[BUG] Windows 3006.10 minions time out with an error in minion.py and no longer communicate with the master 3006.10 (multimaster) after upgrade from 3005-1.2 with multiprocessing: True in minion config
Description 3006.10 minions time out with an error in minion.py and no longer communicate with the master 3006.10.

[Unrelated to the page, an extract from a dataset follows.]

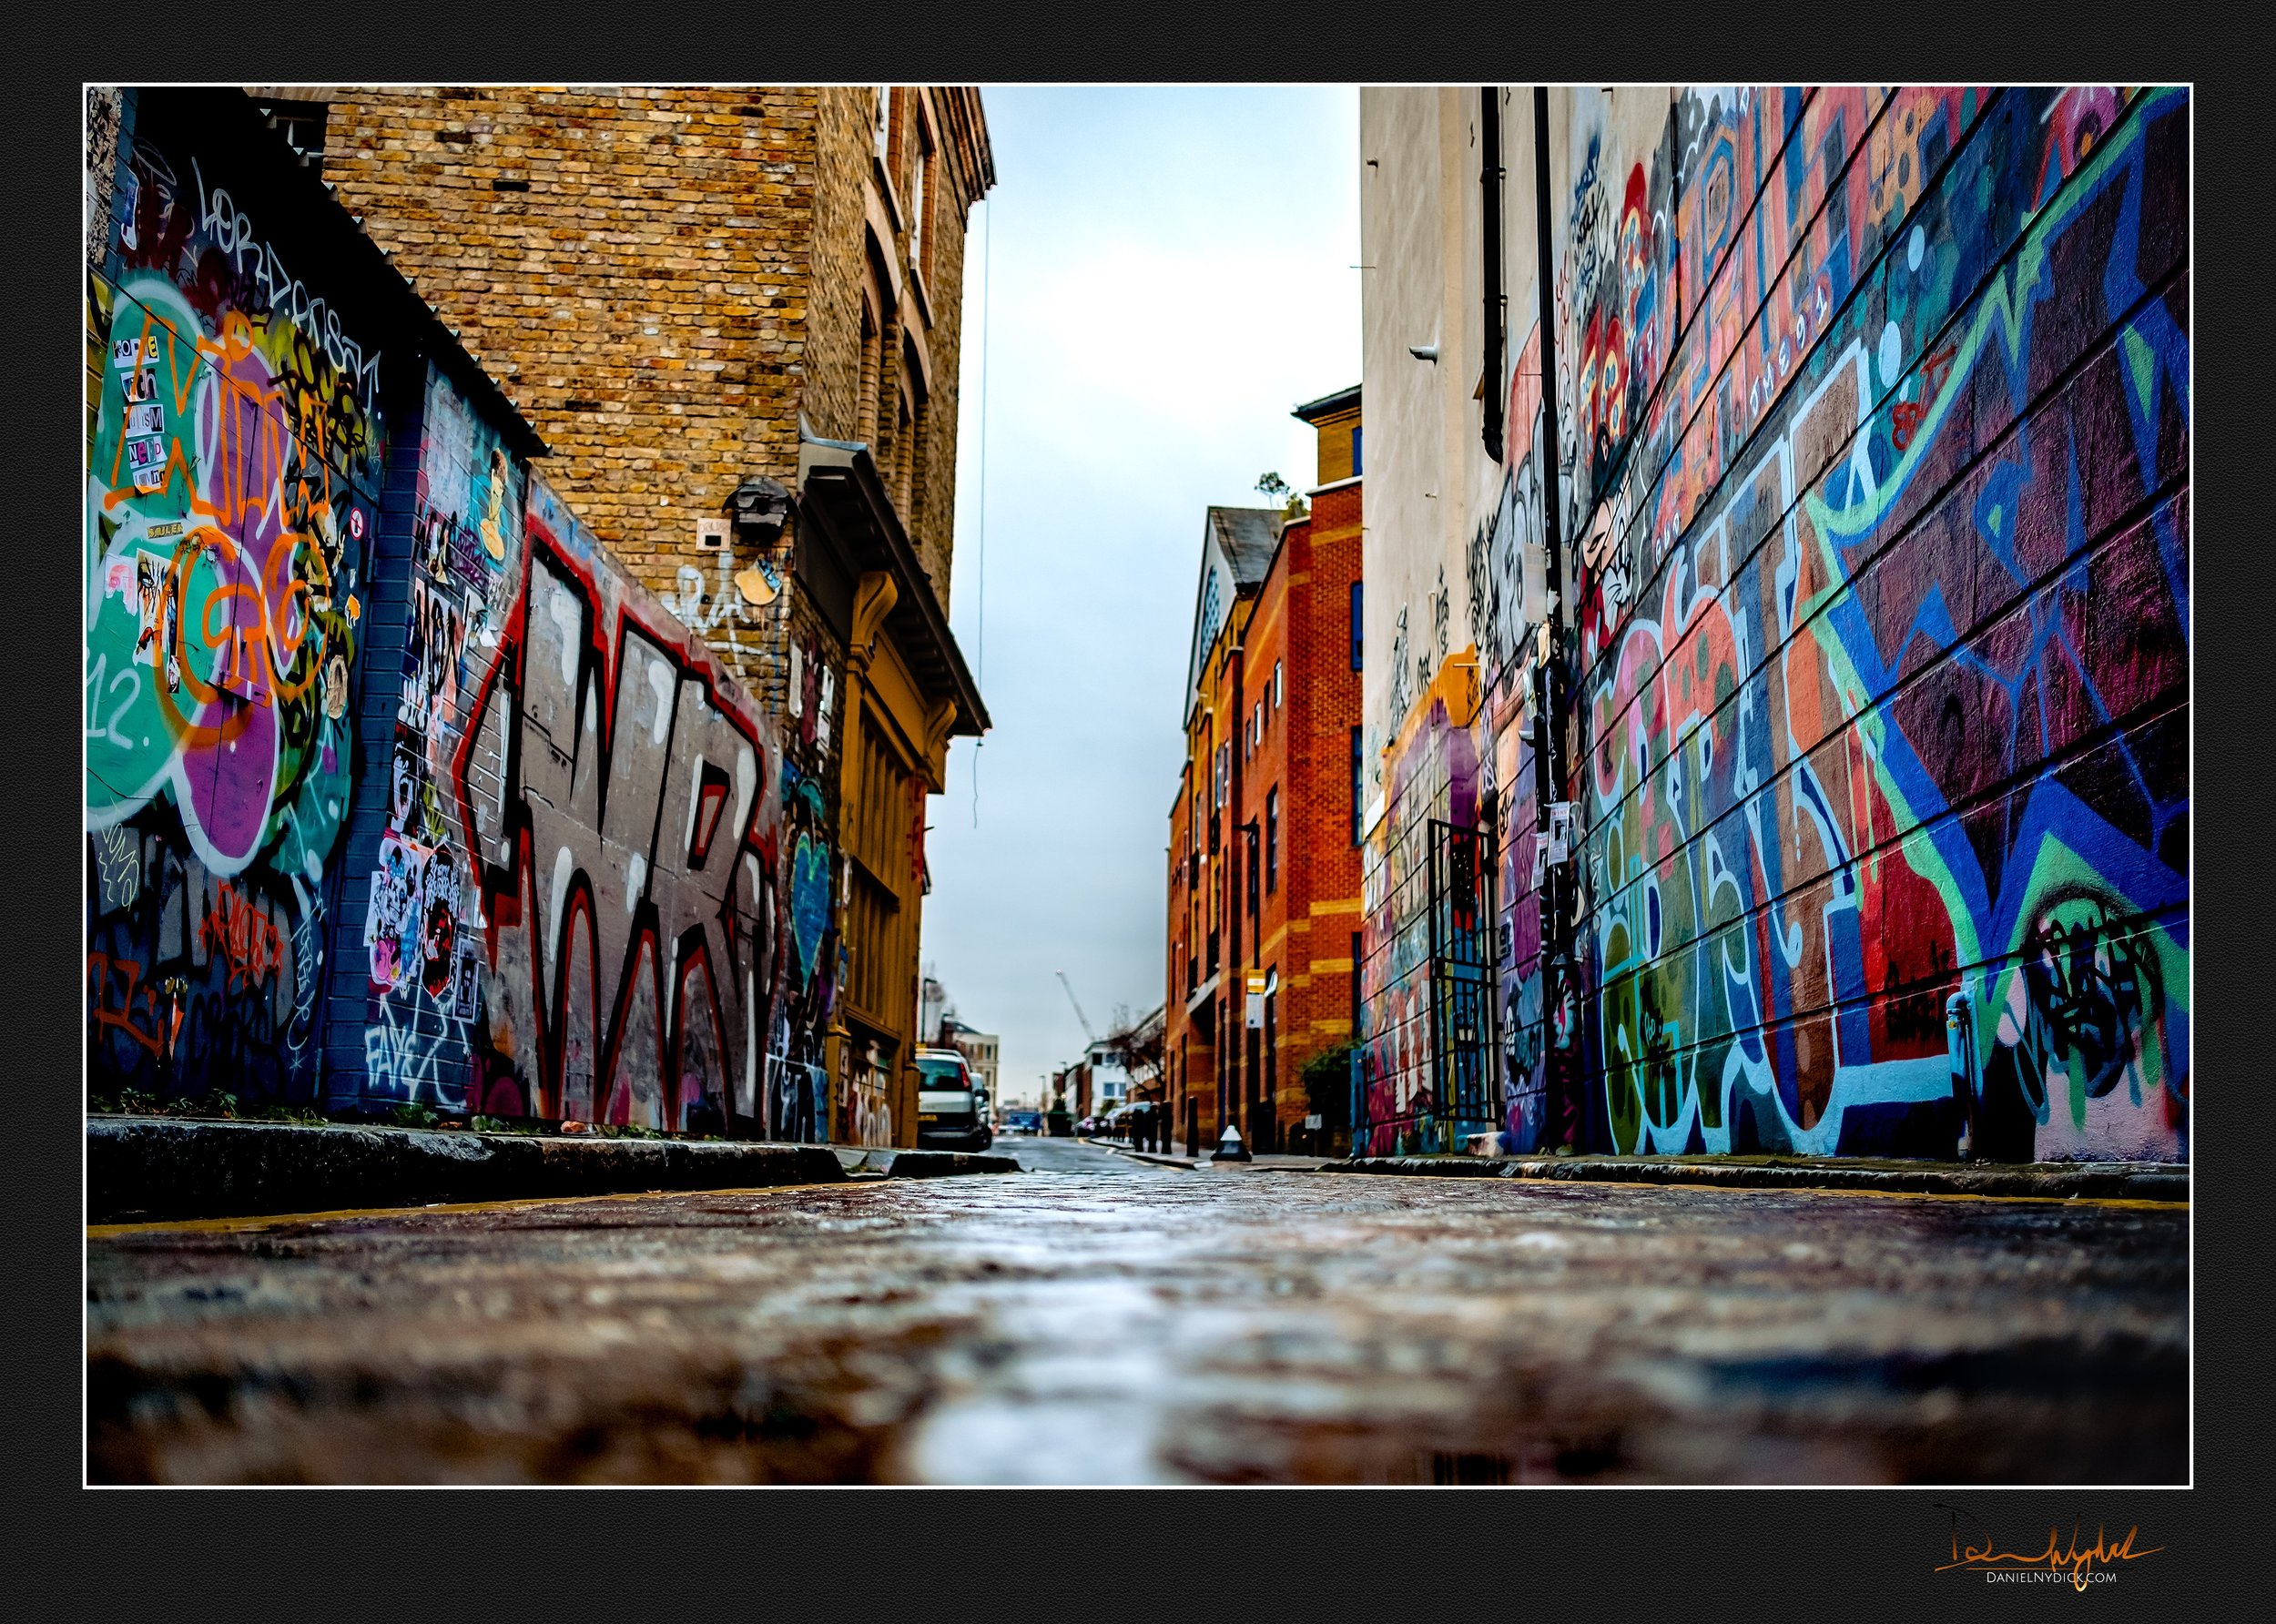 low angle, street phtography, england

Windows Server 2019 Windows Server 2016 Standard Windows Server 2022
Please be as specific as possible and give set-up details.
- on-prem machine - vmware VM
- cloud machine, AWS
Steps to Reproduce the behavior upgrade to salt from 3005.1-2 to 3006.10
2025-04-13 13:02:06,101 [salt.utils.process:1004][ERROR ][2880] An un-handled exception from the multiprocessing process 'ProcessPayload(jid=20250413170104743058)' was caught:
Traceback (most recent call last):
File "C:\Program Files\Salt Project\Salt\Lib\site-packages\salt\utils\process.py", line 999, in wrapped_run_func
return run_func()
File "C:\Program Files\Salt Project\Salt\Lib\multiprocessing\process.py", line 108, in run
self._target(*self._args, **self._kwargs)

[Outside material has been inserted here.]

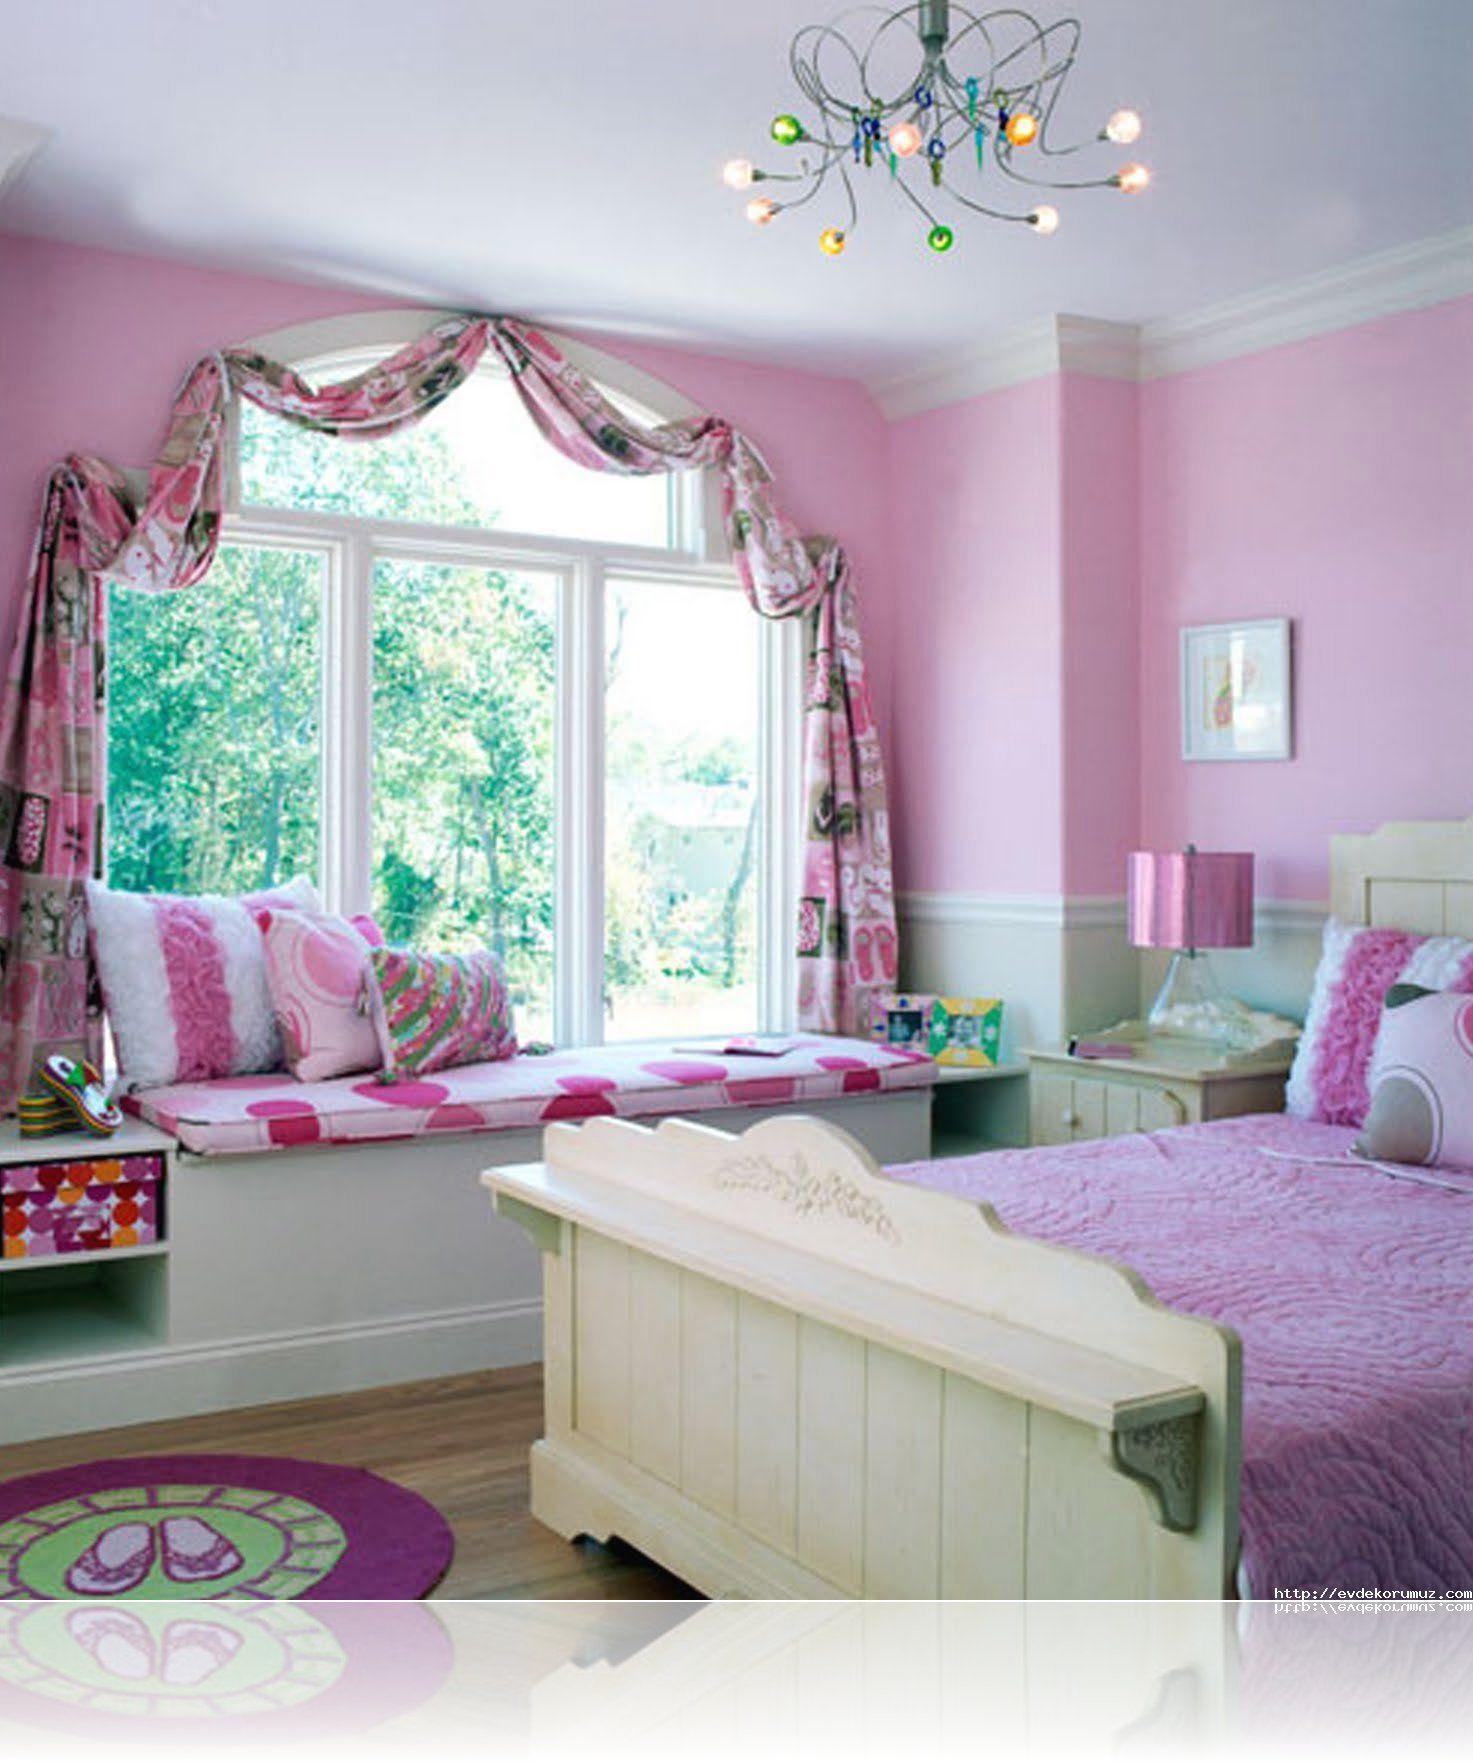 japanese bedroom designs for teen girls | bedroom | pinterest

File "C:\Program Files\Salt Project\Salt\Lib\site-packages\salt\minion.py", line 1927, in _target
run_func(minion_instance, opts, data)
File "C:\Program Files\Salt Project\Salt\Lib\site-packages\salt\minion.py", line 1921, in run_func
return Minion._thread_return(minion_instance, opts, data)
File "C:\Program Files\Salt Project\Salt\Lib\site-packages\salt\minion.py", line 2157, in _thread_return
minion_instance._return_pub(ret)
File "C:\Program Files\Salt Project\Salt\Lib\site-packages\salt\minion.py", line 2385, in _return_pub
ret_val = self._send_req_sync(load, timeout=timeout)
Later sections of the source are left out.